Another use for the 'mesh onion bags' is for putting peanuts in and hanging on trees or the eaves of your home. I have been doing this for years and enjoy watching the chickadees and woodpeckers as they cling to the bags and eat away at the peanuts (unsalted of course). The mesh should be the smaller holes but are just as easy to find as the other. Tie a loose knot and put any type of hanger through the knot. This may be used over and over again.
By Willi from Calgary, Canada
Please do not use mesh onion bags for the birds. I had used them for many years until a bird got its' leg tangled in one. I had a hard time trying to save the bird. The bird was so stressed out, as so was I. Good thing I was home when it happened. It was very cold and the poor thing would have froze or broke its' leg. Invest in the wire cages, they last forever and are safer then the mesh bags.
I know those mesh bags appear to be a good choice for using as feeders for our wildbirds, but please do not use them outside for anything pertaining to an animal which might get their feet caught in the mesh. They have caused so many birds to lose feet, toes and sometimes their entire legs. We once found a beautiful blue jay with its beak somehow caught in the mesh, and then in its struggle to get free must have become more entangled and the mesh ended around its neck.
Poor thing was too far gone for anyone to do anything at all. I also never put those plastic thingees that hold 6 packs of soft drinks in the trash or garbage without first cutting every single bit of it to pieces. So many birds and other small animals have become entangled in those too.

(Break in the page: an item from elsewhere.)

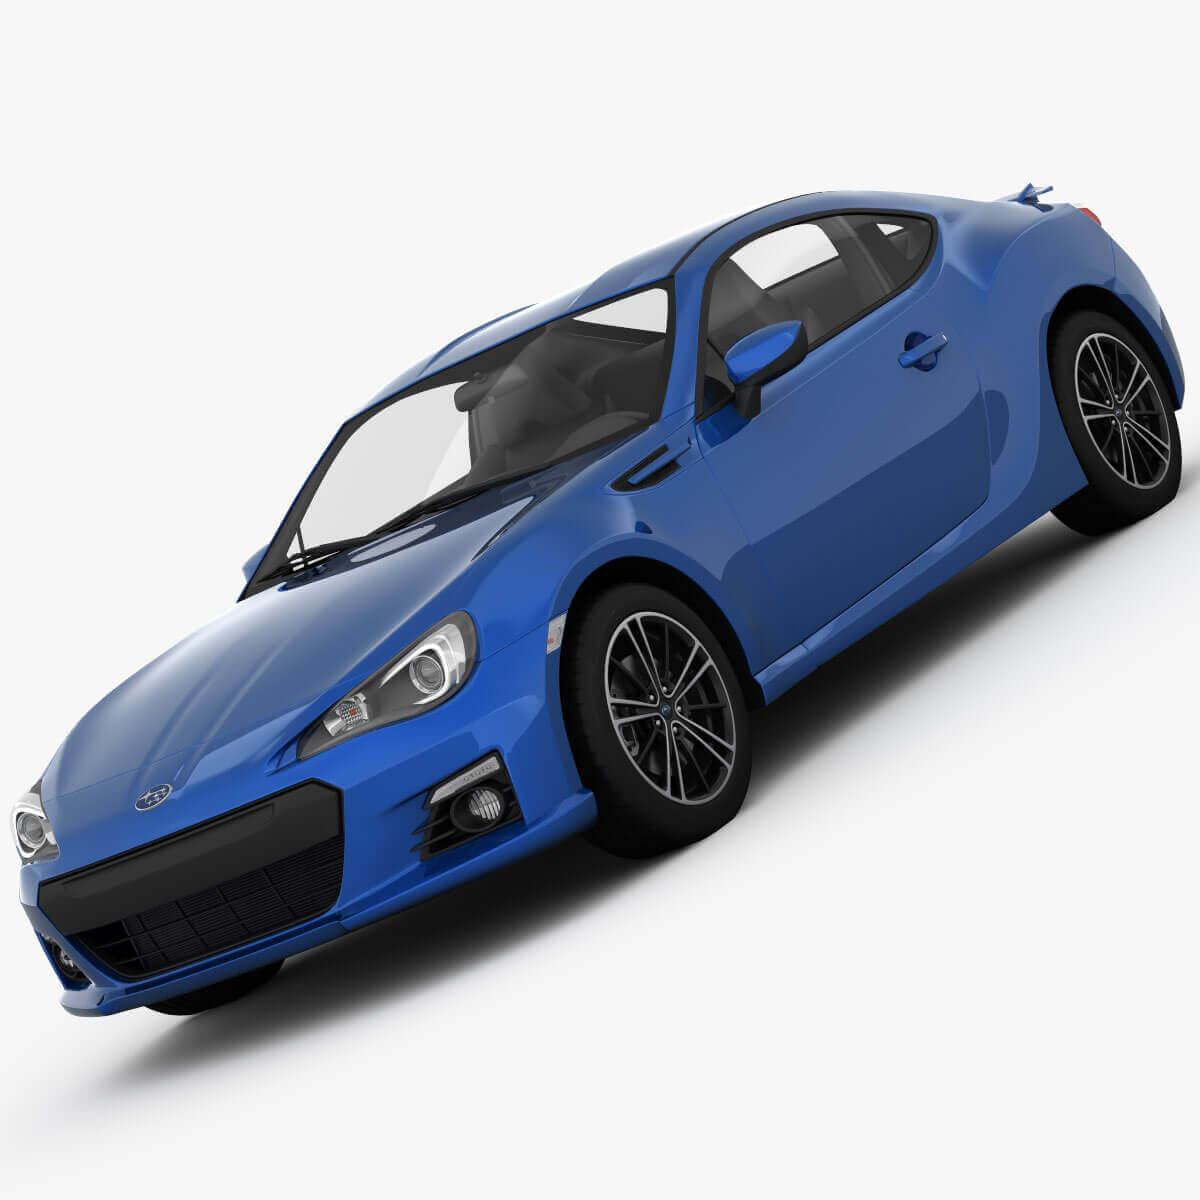 2013 Subaru BRZ 3D Model

Plastic is a good thing, but it's not good when used in ways that hurt helpless animals. I'm sure you meant well and like you, I love feeding them. I enjoy their company all the time. Blue jays are wonderful entertainment.
The mockingbirds love raisins and can be trained to take them from your hands quite easily.
We use all platform feeders now. They are the safest way I know to feed and treat our feathered friends. We always set them up near trees. They're so easy to keep clean and best of all, they are safe. The nearby trees provide escape routes should they need one in a hurry.
Also lots of good clean fresh water in several different places in your yard and close to trees.
Hope this saves at least a few little animals' lives.